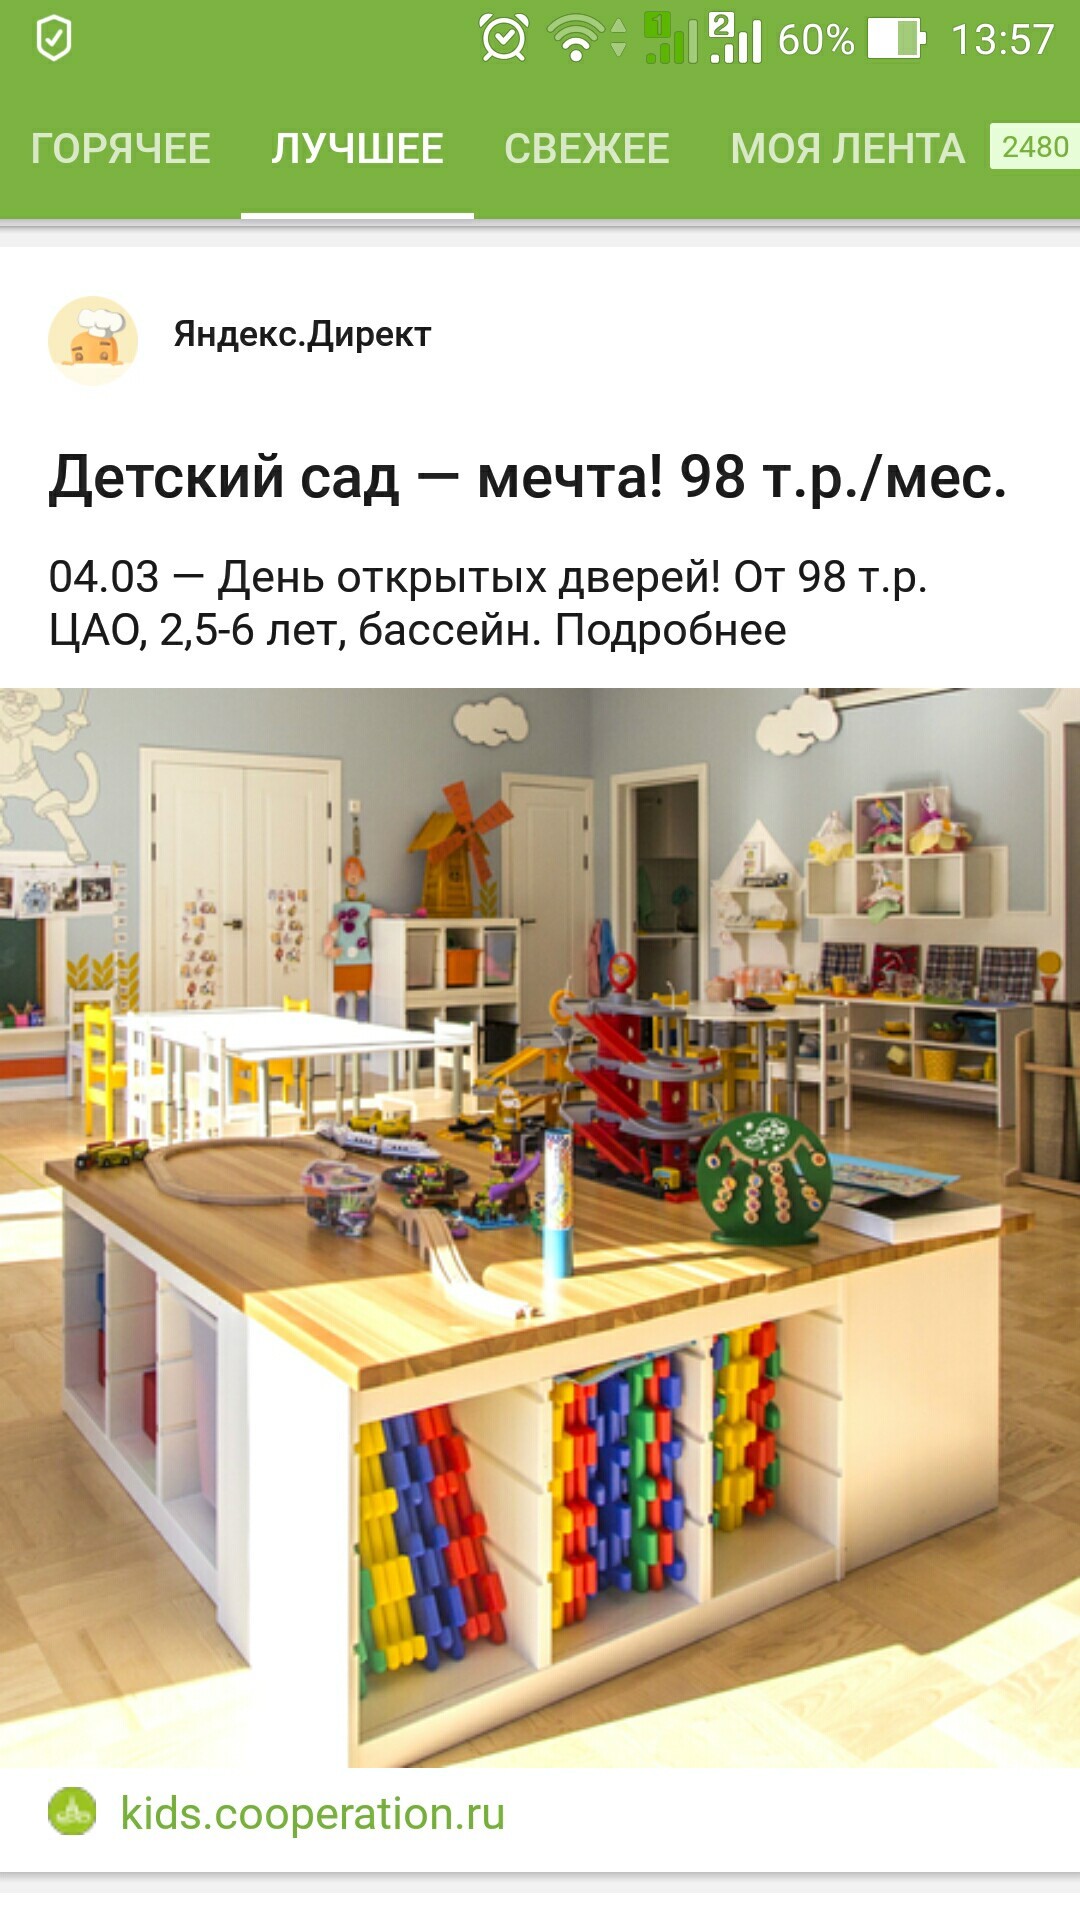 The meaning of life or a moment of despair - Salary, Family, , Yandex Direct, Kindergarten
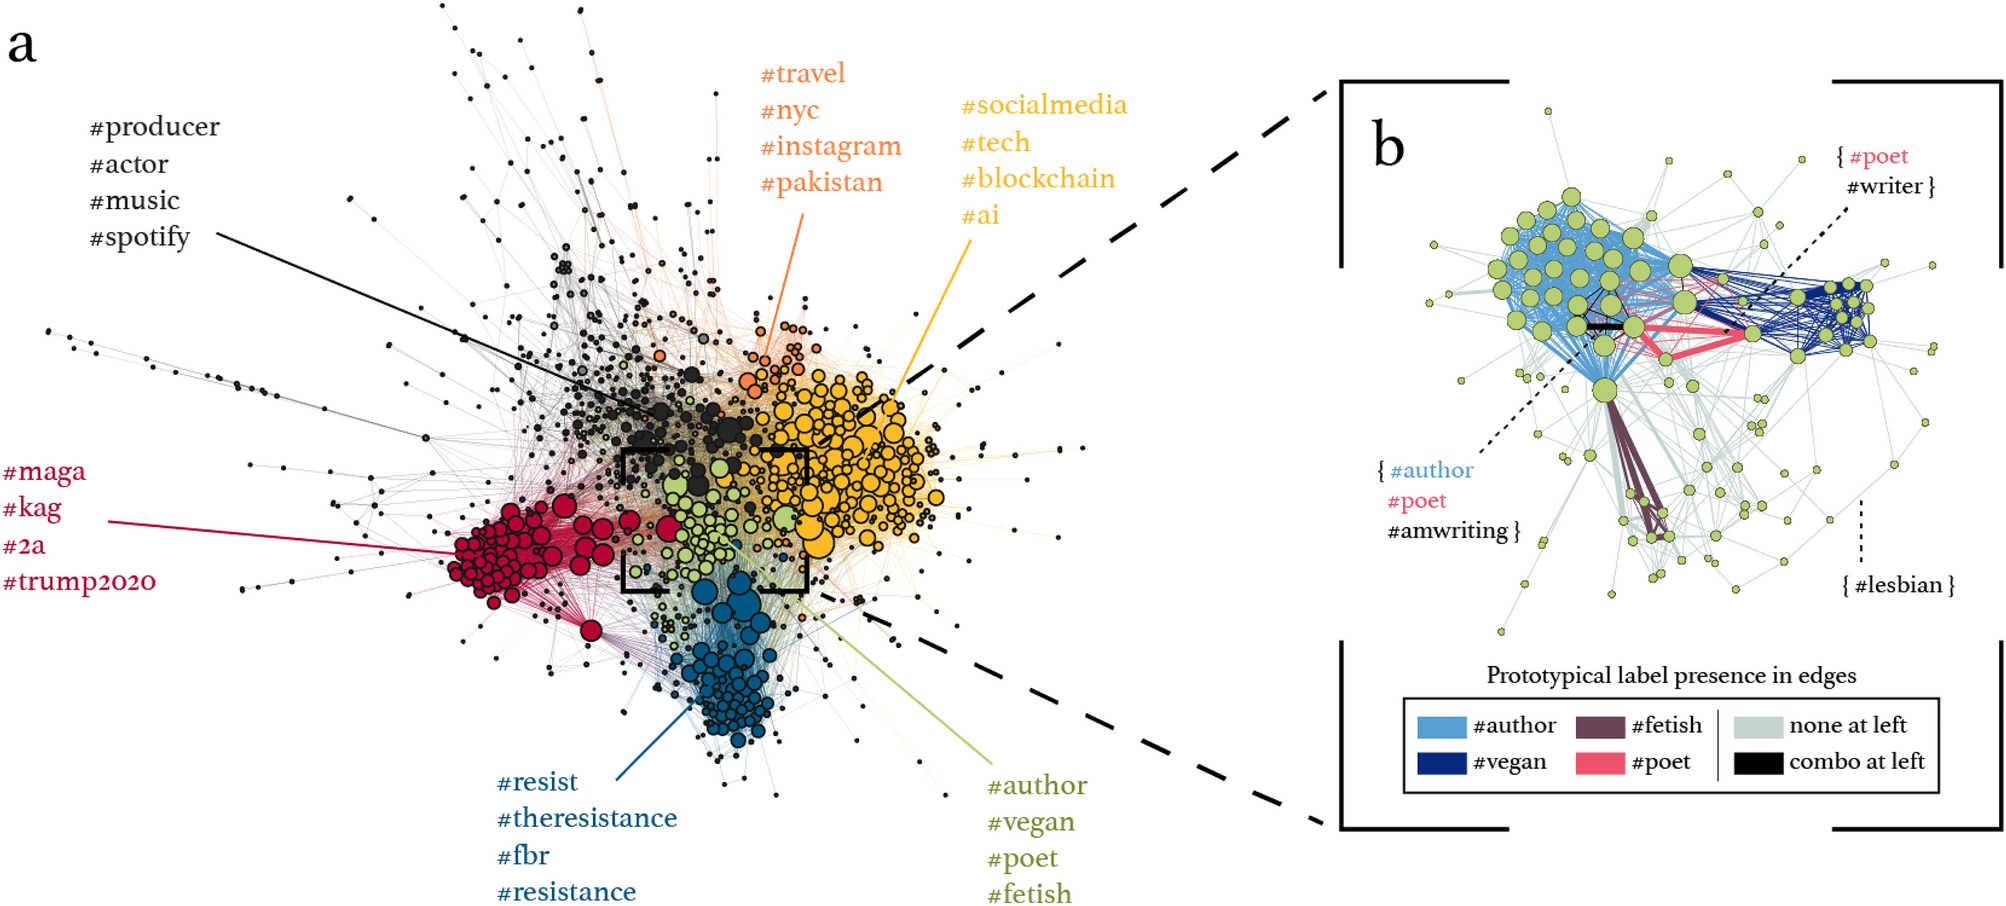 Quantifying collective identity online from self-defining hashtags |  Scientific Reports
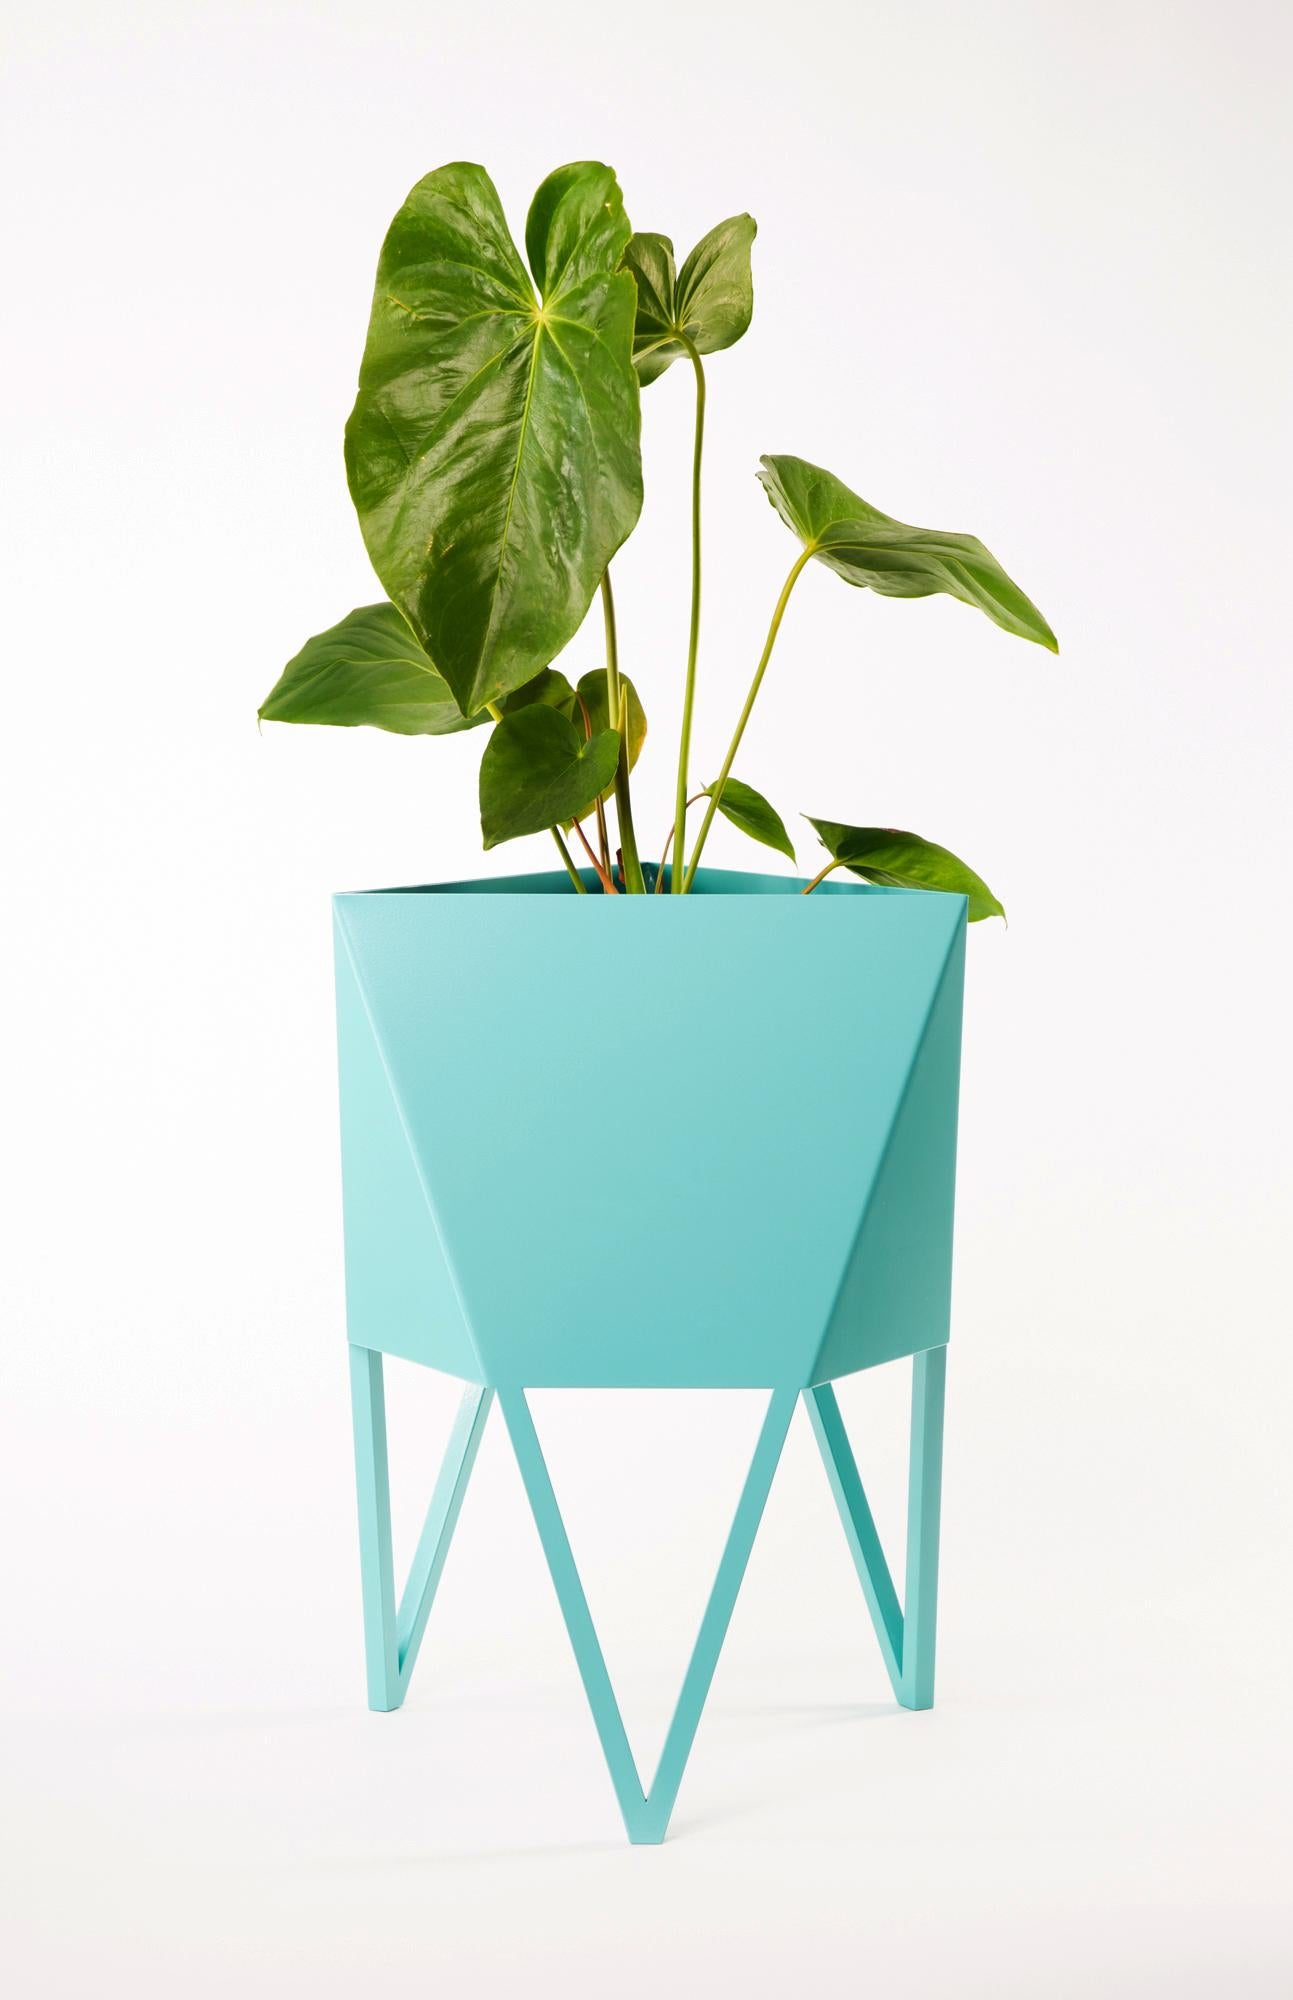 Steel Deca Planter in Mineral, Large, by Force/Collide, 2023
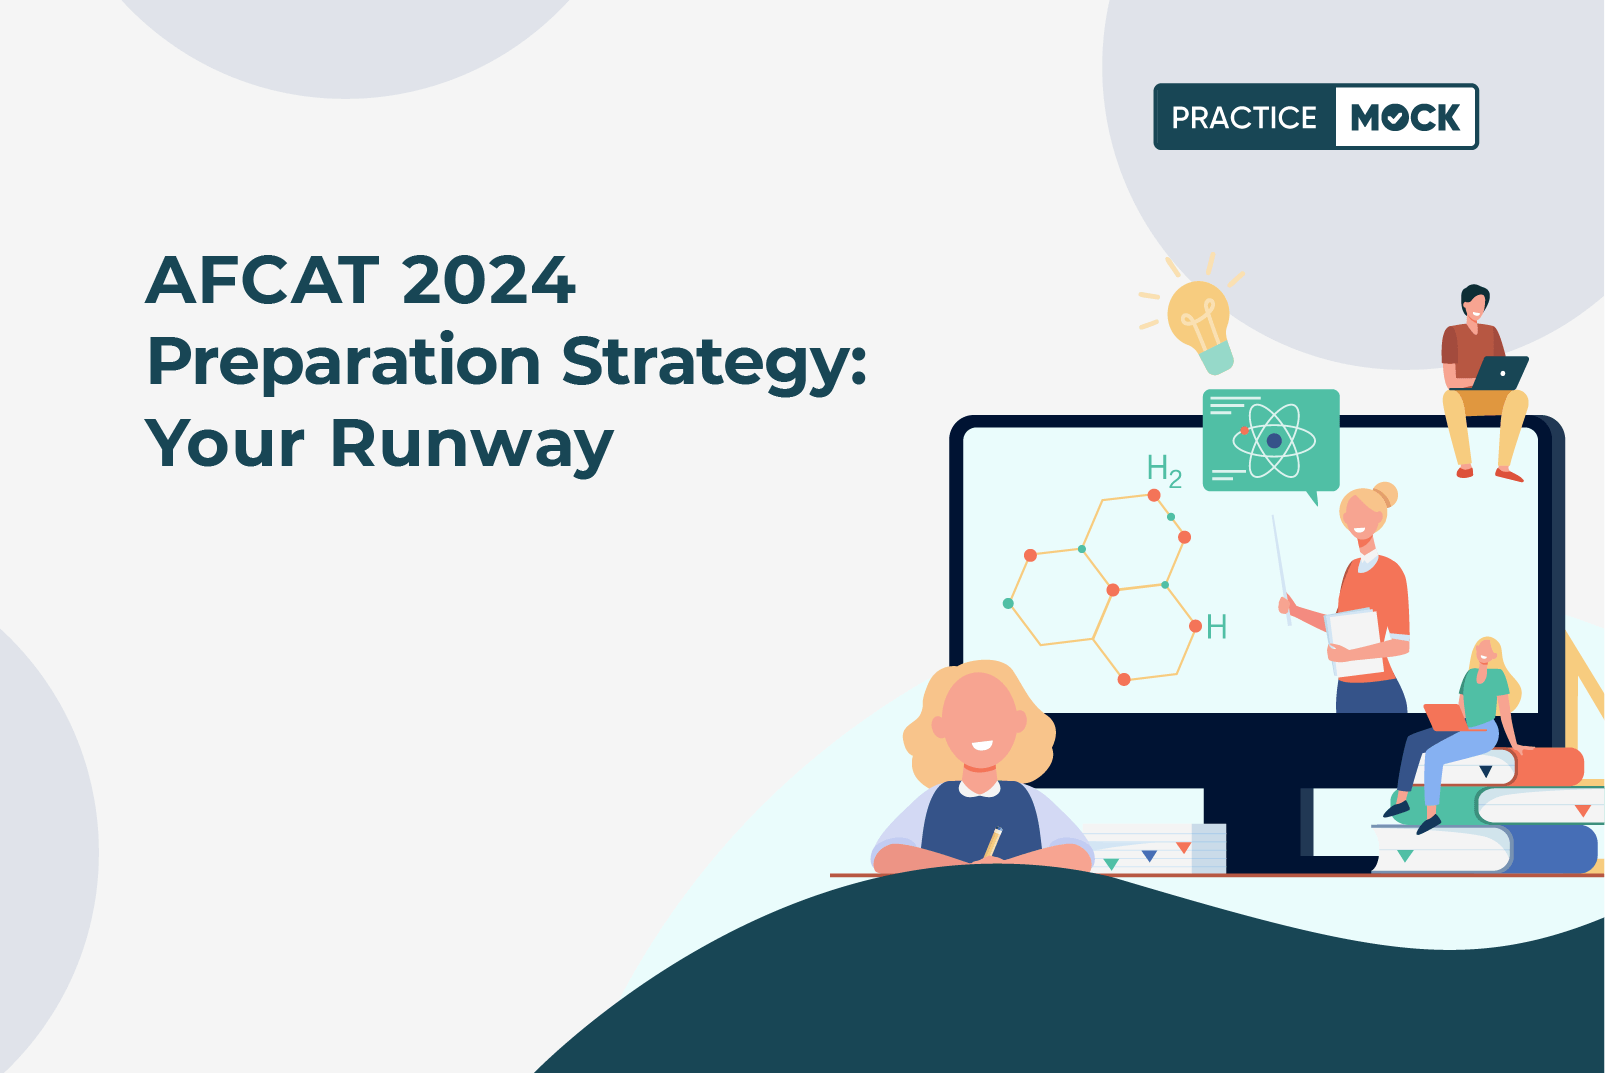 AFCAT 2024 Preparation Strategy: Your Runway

▶ Work task
Starting at the line that contains "Steel Deca Planter", output every line through the end of the data, both ends included, and nothing else; pictures stay out.

▶ Task response
 Steel Deca Planter in Mineral, Large, by Force/Collide, 2023
 AFCAT 2024 Preparation Strategy: Your Runway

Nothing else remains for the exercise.